If I write the following code for node
`console.log(’hello world’);`
It will run in the browser, but where’s the fun?
I install Browserify with `npm -g install browserify` (use `sudo` if needed) and I run the command:
`browserify -e helloworld.js -o helloworld.browserify.js` I get the following output

As you can see, Browserify adds a very long line of code, then it simply appends my code, and closes with some brackets.
There are 2 things to notice here

• The definition of require/module and exports at the end of the first line – this what allows code compatibility as is in the browser
• The number `1` at the bottom – this helps Browserify to link different files together later on.
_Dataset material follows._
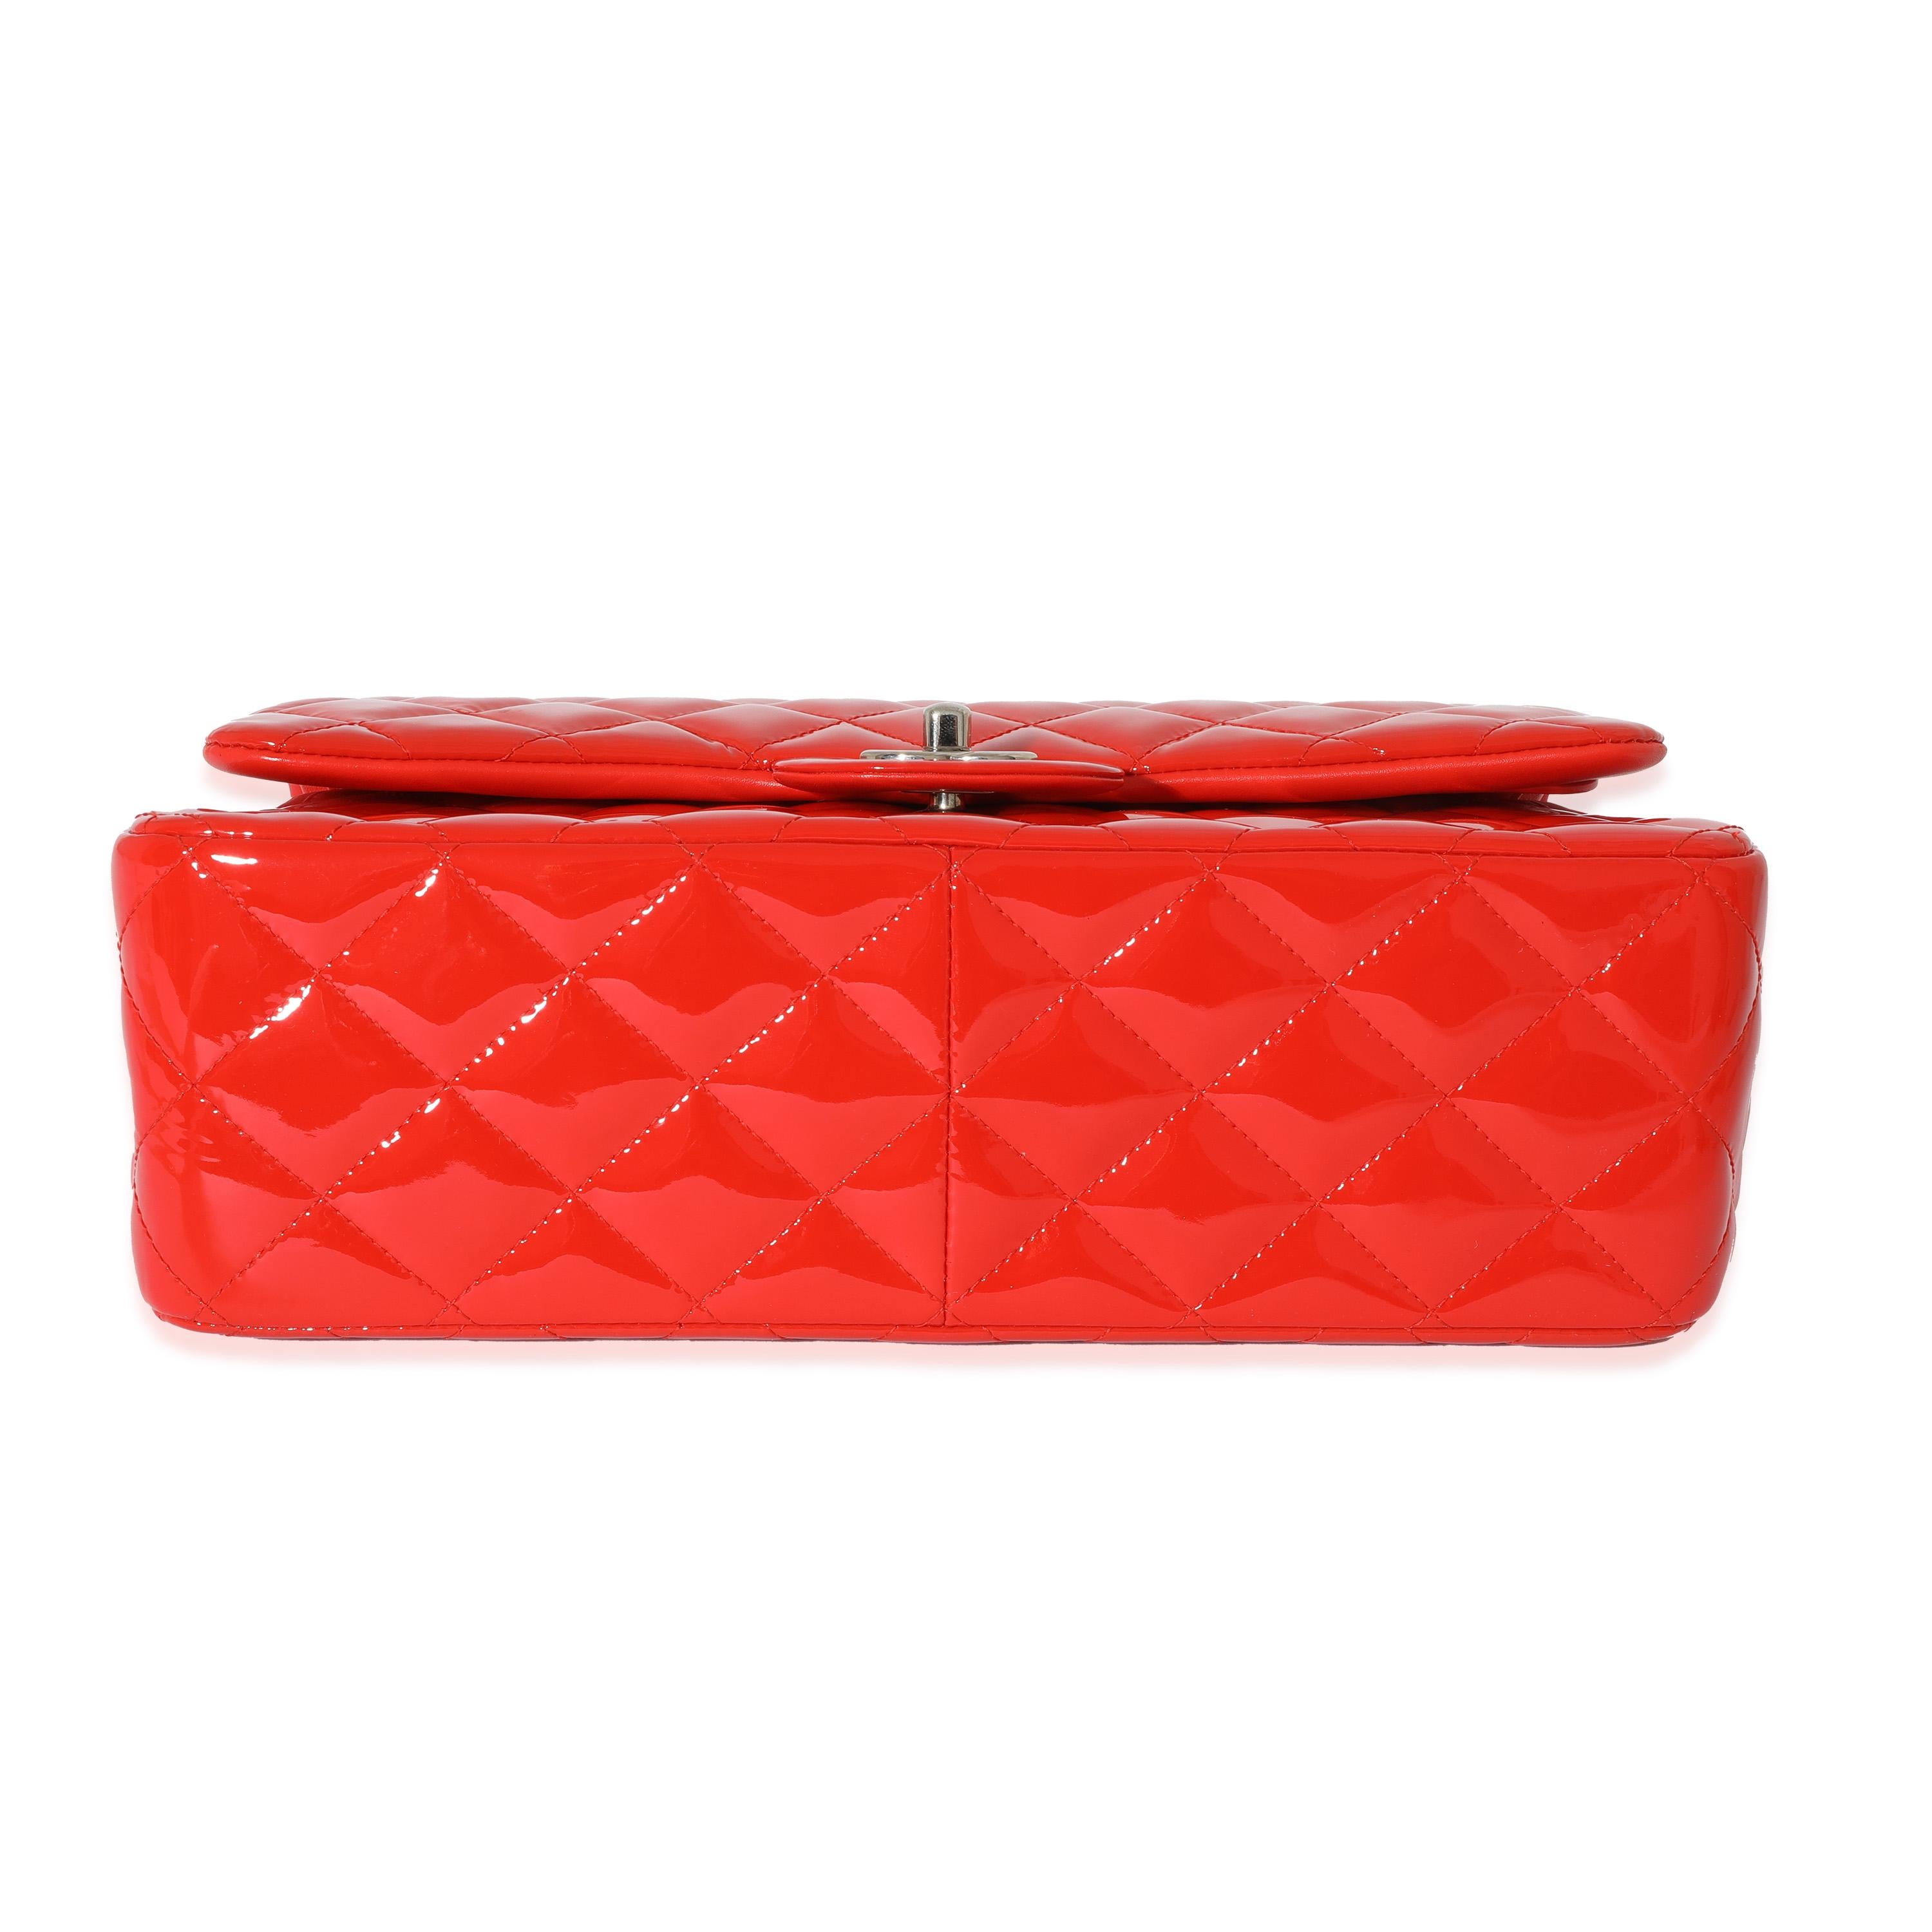 Chanel Orange Quilted Patent Leather Jumbo Double Flap Bag For Sale 2

Since I did not `require` anything we didn’t get to see it in action.

Obviously we can think of some limitations right ahead. Although we wrote `console.log` which runs on browser, reading a file will not. We will also see how to overcome some of these difficulties.

What is Browserify?

Now that we know what Browserify does, we can say the following

• Browserify makes your nodejs code work on the browser
• It concatenates my files in a smart way. I don’t have to specify all the files to concatenate, nor do I need to specify them in the correct order. I only have to supply it with an entry point. Browserify traverses the dependency tree by finding `require` statements in the code and it figures out the dependencies by itself.
• It brings a version of require, export and module to the frontend – but the important thing here is that it keeps the code readable! If you ever find the need to debug the code in the frontend, I bet you will find it very convenient to have the code you wrote as is in the a single file.
• It manipulates the code and actually allows you to write plugins to manipulate it further. For example, you can find the following nifty plugins:
  • ngify – allows you to write simple javascript objects, and by adding some annotations to transform it to an angular component.
  • es6ify – allows you to write ECMAScript 6 code and then transcompiles it to ECMAScript 5.
  • brfs – find `fs.readFileSync` in your code and injects the file’s content instead.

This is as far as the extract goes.